Can you even imagine that?  Not knowing where you next meal will come from?  Not knowing if you’ll even wake up the when you close your eyes because you may be killed? I certainly cannot.

What I mentioned are just a few of the things she went through.  Yet she is still one of the kindest people I have ever known.  She didn’t let the struggles she faced harden her heart.

She has four children, three of which she adopted.  She took these children in because their parents were killed or they didn’t have a home.  I can remember her telling me should would tell her husband not to go into the back bedroom because she had found and taken in another child.  Through all of her own pain and suffering, she had so much love to give.  She wanted to help these children escape a life on the run as she once had.  Give them something more than shelter, give them a home.

I can remember her or her husband picking me up from school every day when I was a little girl.  And every day I was just as excited as the day before to go over and play.  I walked out the back of my elementary school across the playground and walked up smiling to great either of them.  Then one day she became very sick.  So sick they had to put a halo on her.

If you don’t know what a halo is, it’s not the kind you think an angel wears.

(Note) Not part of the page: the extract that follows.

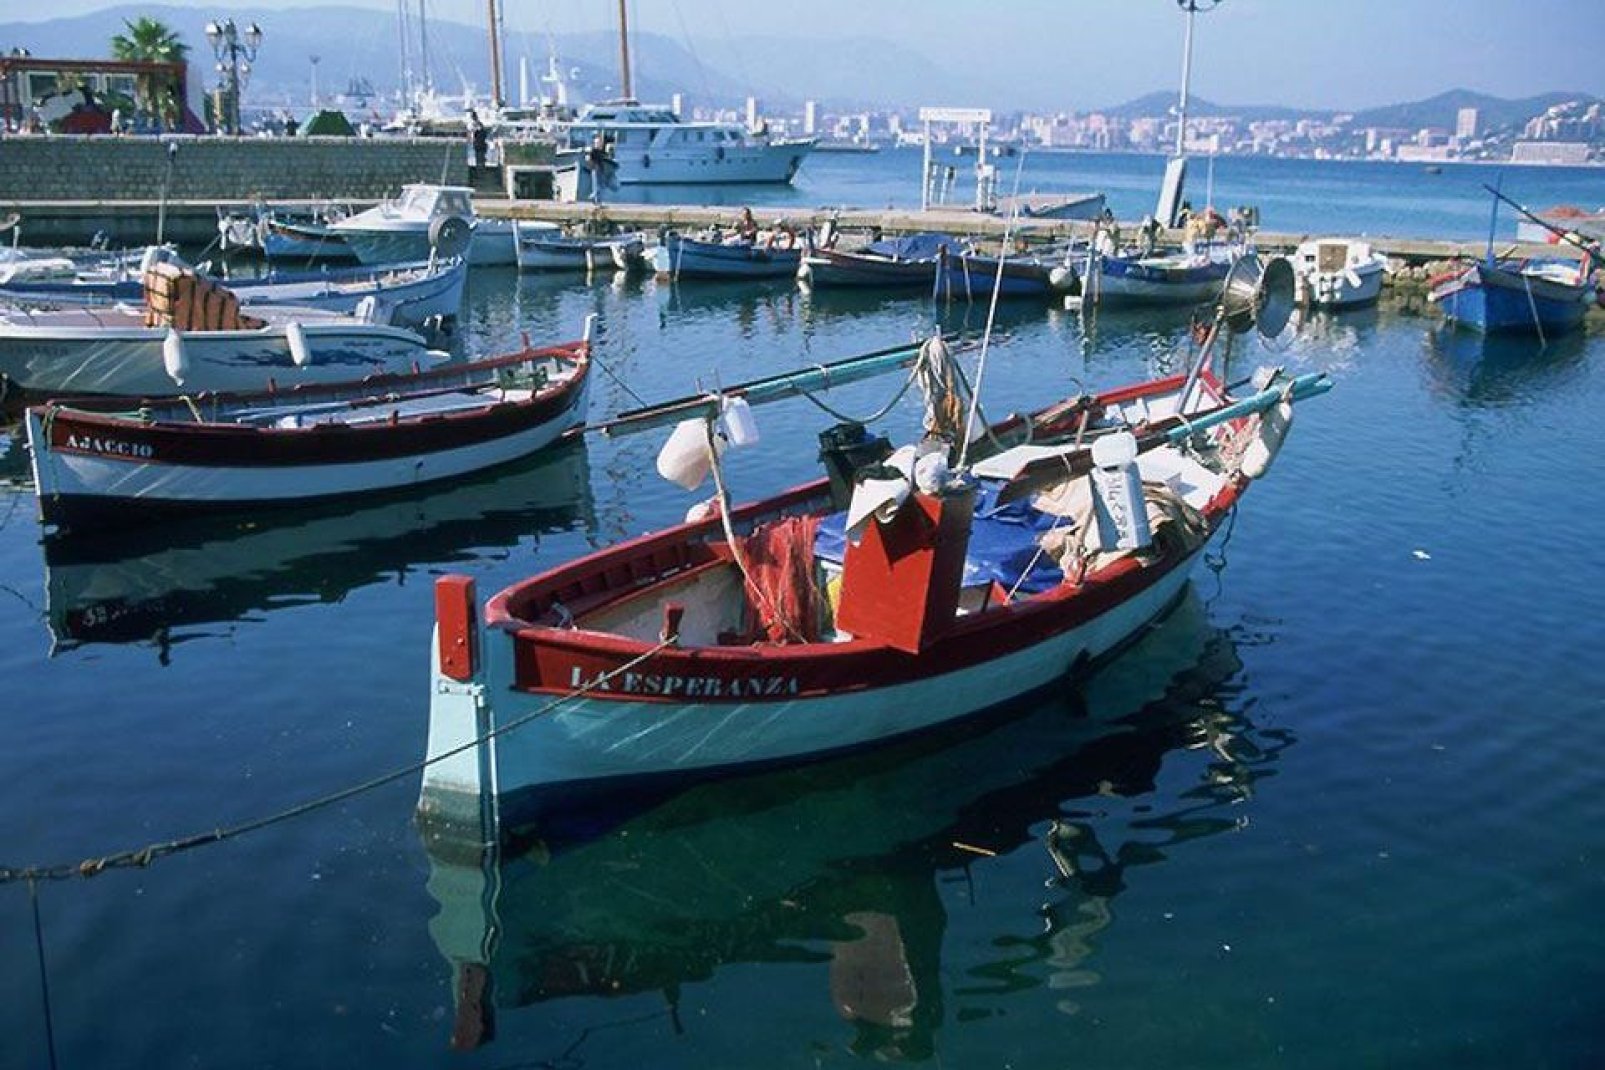 Following underwater archaeological excavations, Roman boats were discovered near Ajaccio.

Imagine a back brace with two metal rods that stick up straight into the air in the front and in the back.  Those four rods are then screwed into the skill and secured with a metal circle around the top.  I know this sounds confusing, painful, and scary, and it was.  It pained me so much to see her like that, someone I loved so much suffering when she’s been nothing but kind and loving.

There was a period of time where she thought she may not live.  When my mom sat me down to tell me the news I was heartbroken.  I couldn’t imagine not seeing her almost every day.  I remembered she let my sister and I, who she also babysat, pick out jewelry in case she did pass.  She wanted us to have something to remember her by.  I have a necklace that I still wear to this day and cherish.  It is a simple gold necklace with a single jade bead.  Whenever I wear it I feel as though I’m taken back through time.  That same little girl sitting with her having tea parties, playing board games, and swinging on that swing set.

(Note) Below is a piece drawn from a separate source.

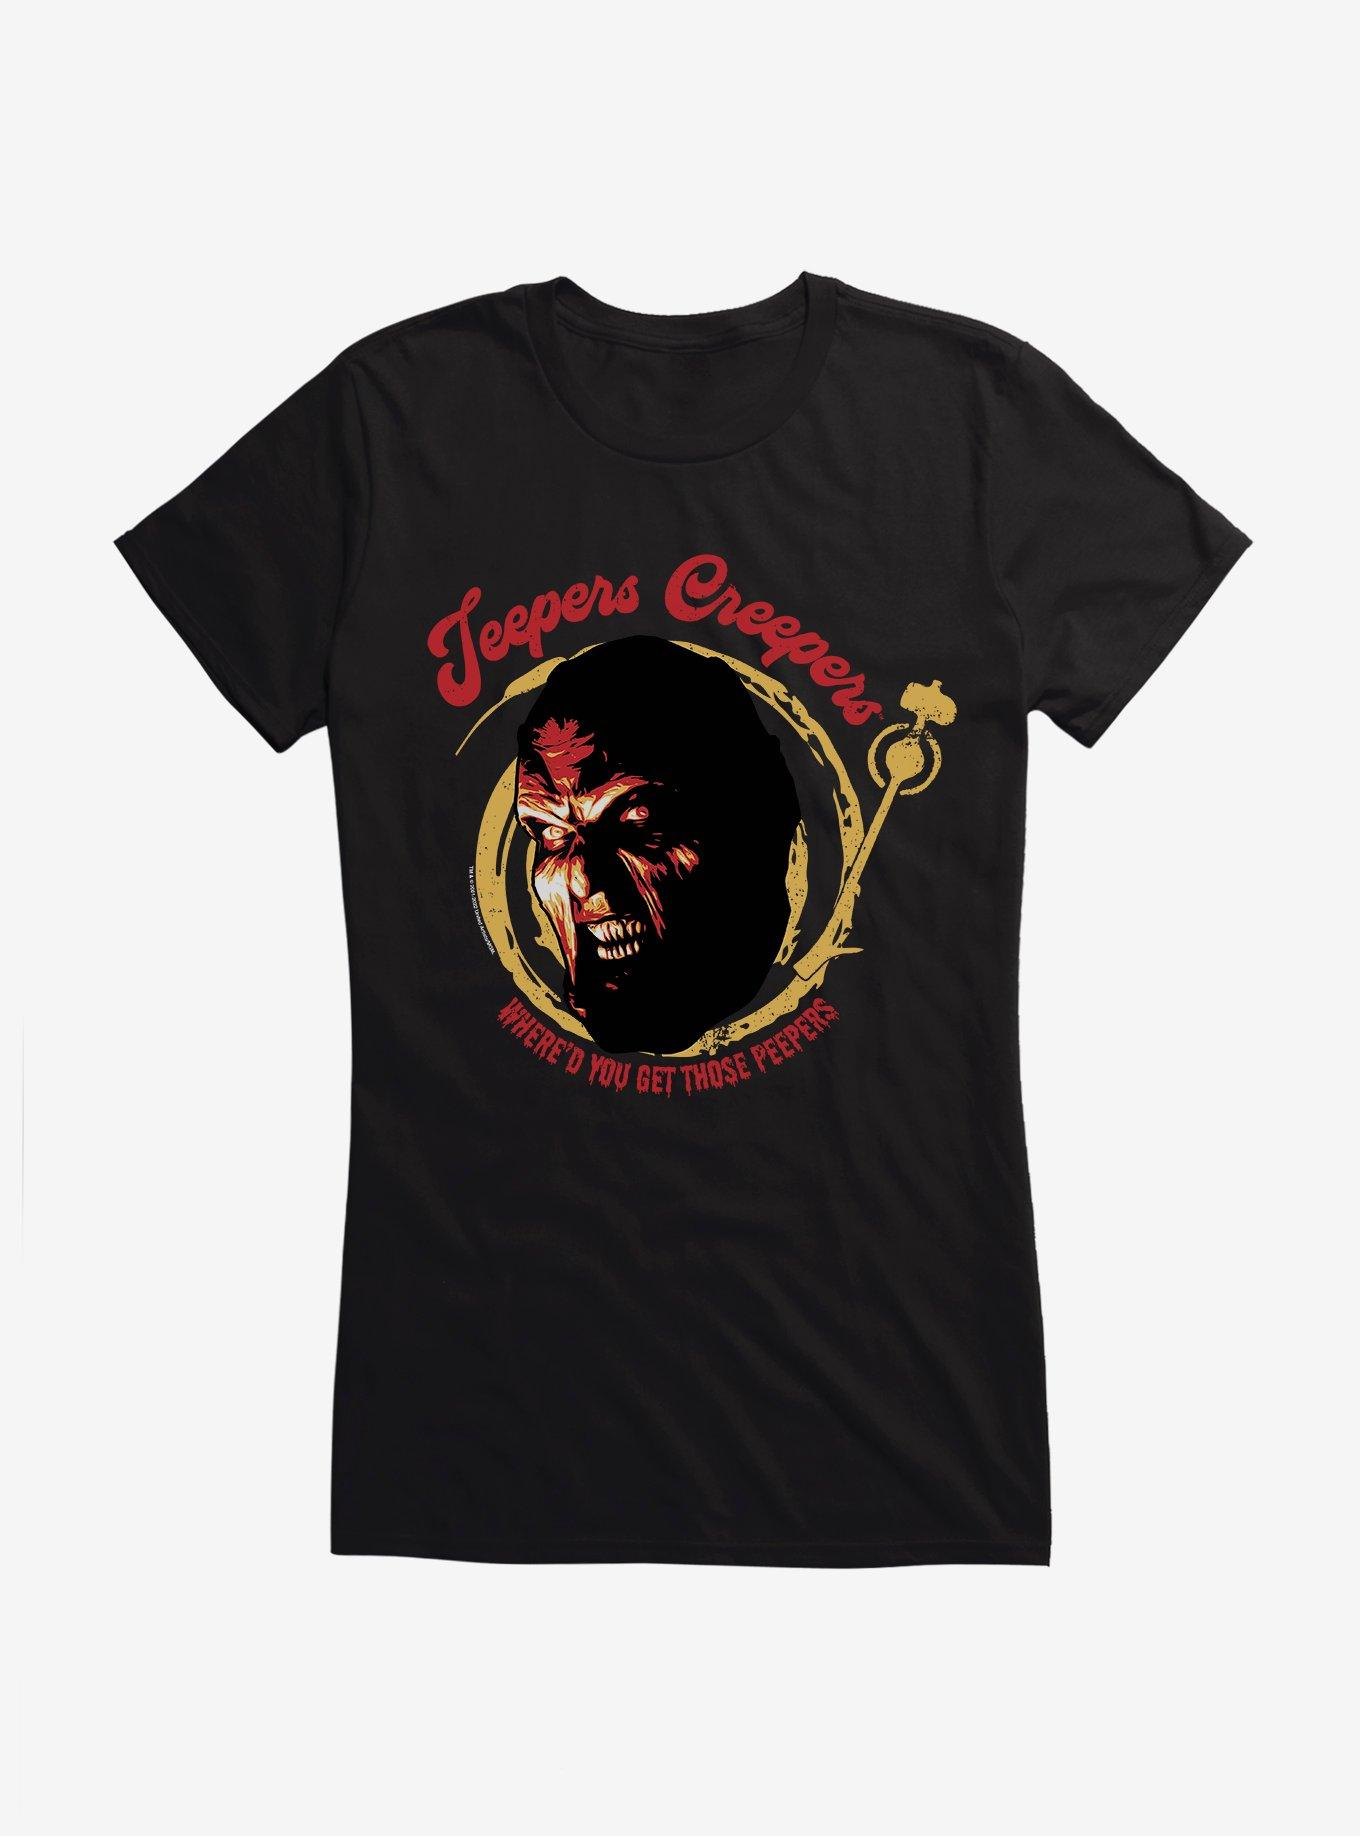 Jeepers Creepers Peepers Girls T-Shirt

Thank God she survived and is still with us today.  I cannot imagine having grown up without her influence.  She is someone who never got angry in times would most people would become upset.  She always carried herself with grace.  She is someone who has survived more than I ever have or most likely will.  In times when I am quick to anger or think life is unfair, I try to remember that things can always be worse, and people go through the same struggles or much worse every day and still choose to be kind, loving, and hopeful.  That is what she always is.


I always find it ironic when she got sick that she had to wear a halo.  She never complained about the pain or the fact she may not live.  She still played with me, just a little girl, not understanding the magnitude of the situation.  She still made time for me in her life when her time could have been short.  She loved me as her own and that is something I will always treasure.  She suffered so much, but never let is phase her.  As they say, James Russell Lowell once said, “all angels come to us disguised” and I truly believe she is an angel to this day.